RETURN TO THE MOTHERHOOD OF GOD
Helpful Votes: 2 out of 16 total.
Review Date: 2003-11-30
Over the past 25+ years, I have become aware of the links between and among the people, institutions, customs and events that we think of as destructive or as healing. I began with the realization that the word "or"usually meant a dissenting, different or opposing choice rather than one that was equal.

How does this relate to "The Mystical City of God?" That term is used to describe Mary, the Mother of God. The mystical city of god, clearly perceived in the early centuries of the Christian faith as Mary, under the relentless elitism imposed by patriarchy became an "or,"forced upon human thinking by conceptsofseparation/dichotomy/powerover/oppression/suppression.

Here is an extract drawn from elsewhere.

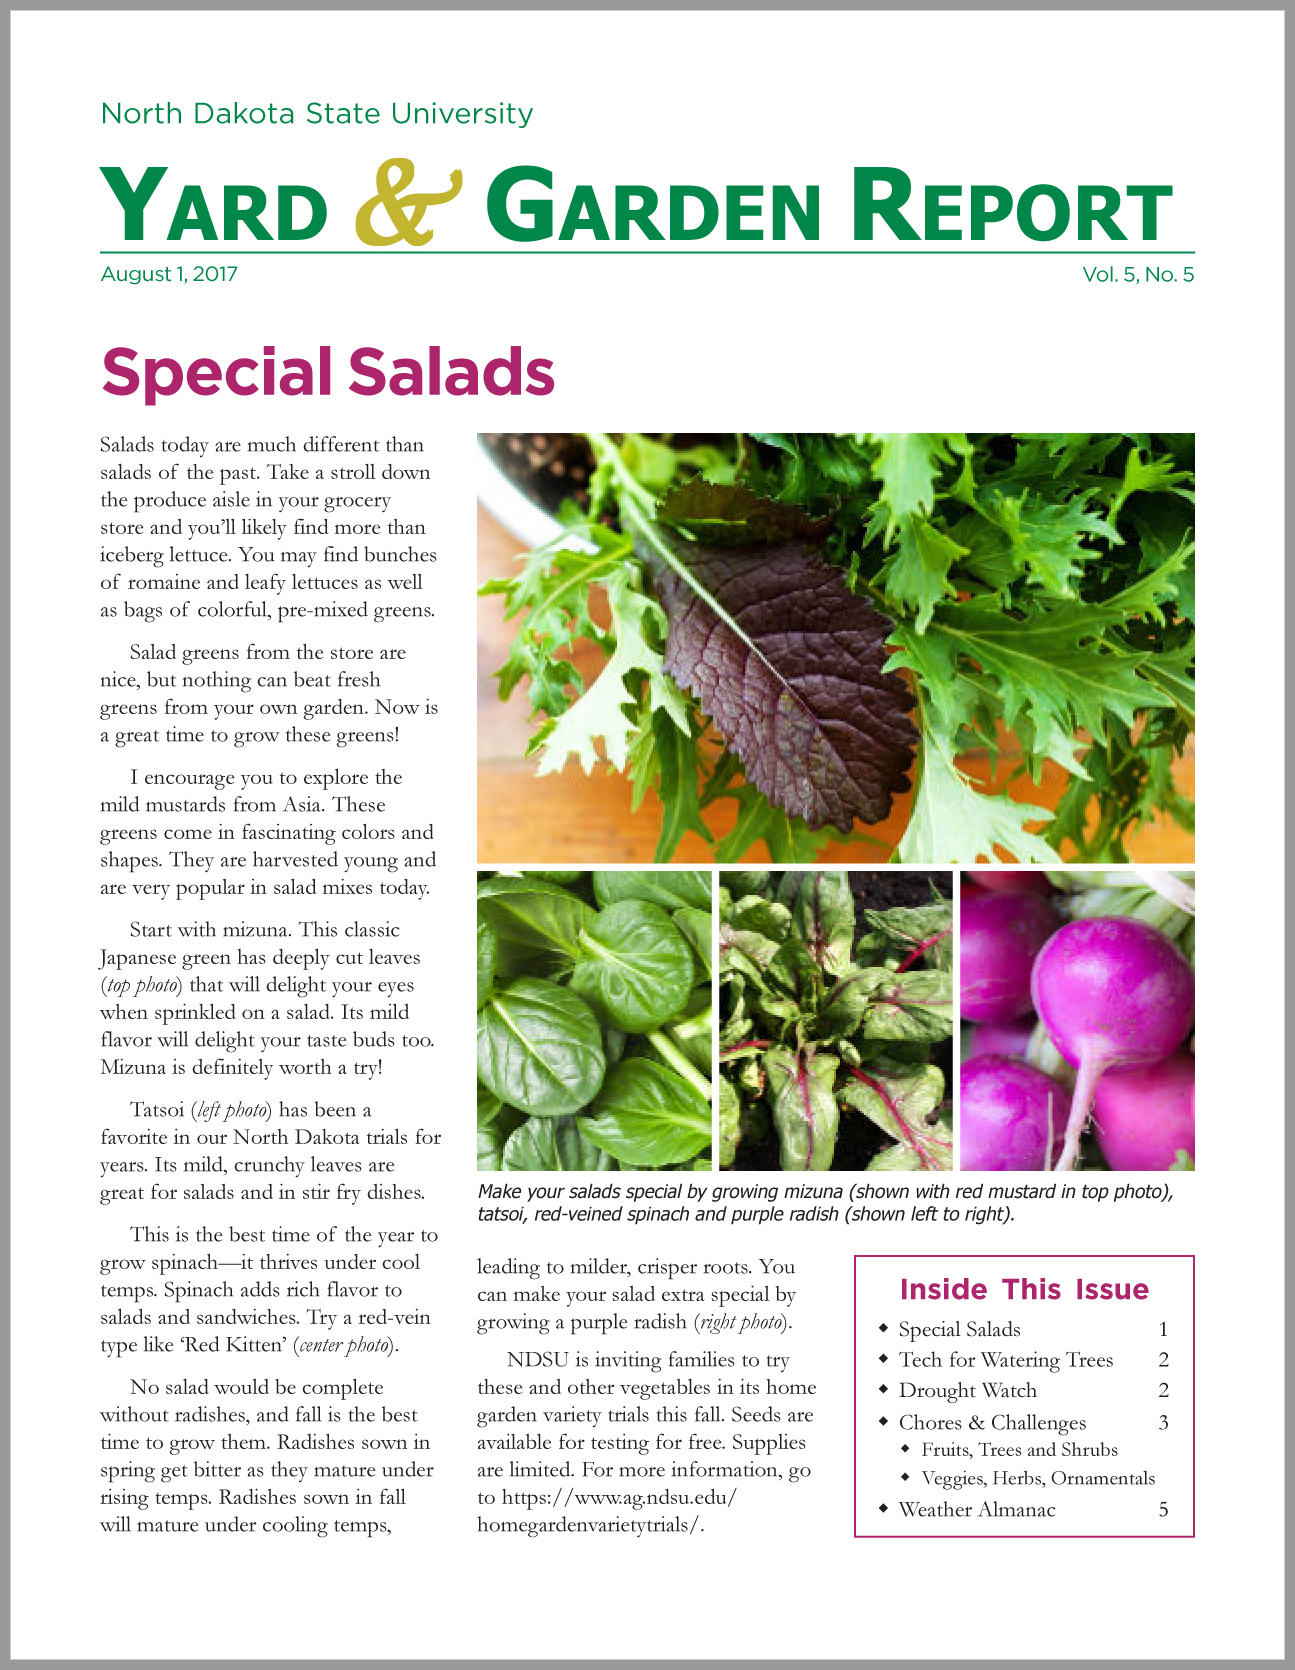 NDSU Yard & Garden Report for August 1, 2017

The return to a mainstream of spiritual awareness means going back more than 5,000 years to a time when the WHOLENESS of life was symbolized by the GREAT MOTHER in whose body was formed each human. HER chosen union with the HOLY SPIRIT produced the DI+VINE SON by whose seed--formed in him by The Mother as was everything--all other creation came. This is the essential mystical, physical and metaphysical act and that act is THE TRINITY, ever-renewing and repeating. There is no division/dichotomy/separation in THE VIRGIN: virginity itself means "whole, undivided."

If the Earth is to be free of strife and warfare and any other unnatural disharmony, there must be a return to the understanding, wisdom, respect and honoring of THE HER WHO IS the ALL-IN-ALL as ONLY THE GREAT MOTHER can be. This does not in any way mean a diminution of God The Father: Even the word "woman" contains the word "man" just as all men are born of women. This principle will not change even if the "womb" becomes a test tube.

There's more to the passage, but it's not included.